Improve Snowflake Query Speed by Preventing Spilling to Storage

This article will demonstrate how a simple Snowflake virtual warehouse change can lead to queries running over a hundred times faster and 40% cheaper. Plot spoiler - it involves spilling to storage.

We will explain what causes spilling to storage, and explain how increasing the virtual warehouse size can improve query performance without impacting cost. We will understand the impact of spilling to REMOTE storage and summarize the best practices to reduce spilling.

What is Spilling to Storage?

The diagram below illustrates the internals of a Snowflake X-Small Virtual Warehouse, which includes eight CPUs, memory, fast SSD local storage and remote cloud storage.

Spilling occurs when Snowflake needs to sort data, which tends to happen when executing an ORDER BY, using Snowflake Window Functions or (more often), because of a GROUP BY operation.
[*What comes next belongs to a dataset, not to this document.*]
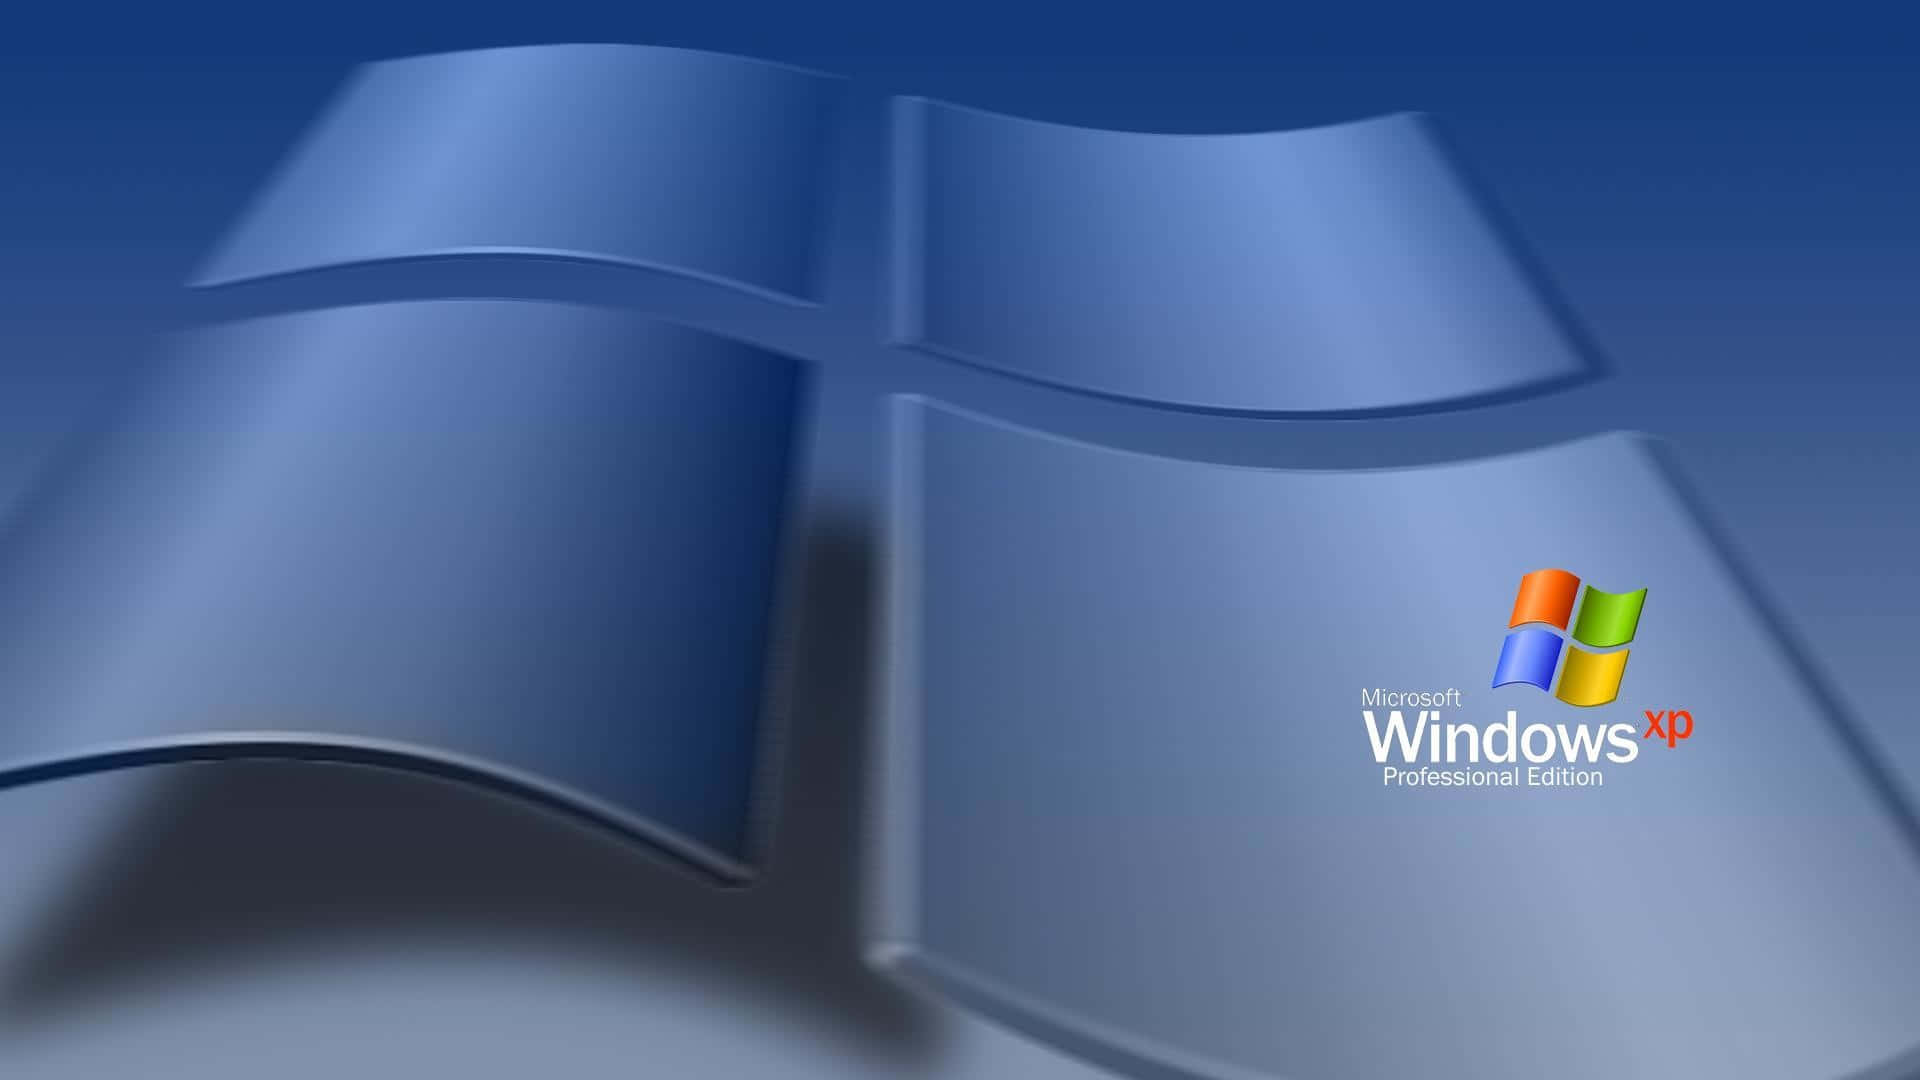 Windows Xp-logoet 1920 X 1080 Wallpaper

Performance degrades drastically when a warehouse runs out of memory while executing a query because memory bytes must “spill” onto local disk storage.

Initially, Snowflake attempts to complete the sort operation in memory, but once that's exhausted, data is temporarily spilled to local storage. For huge sorts, or sort operations on warehouses too small for the job, even the local SSD can be used up, in which case data will be spilled to remote cloud storage.

The key point is main memory access is much faster than SSD, which is considerably faster than cloud storage. To put this in context, if a single CPU cycle took one second, access to main memory would take around 6 minutes, access to SSD around three days and access to cloud storage up to a year.

Spilling to storage can have a significant impact on query performance.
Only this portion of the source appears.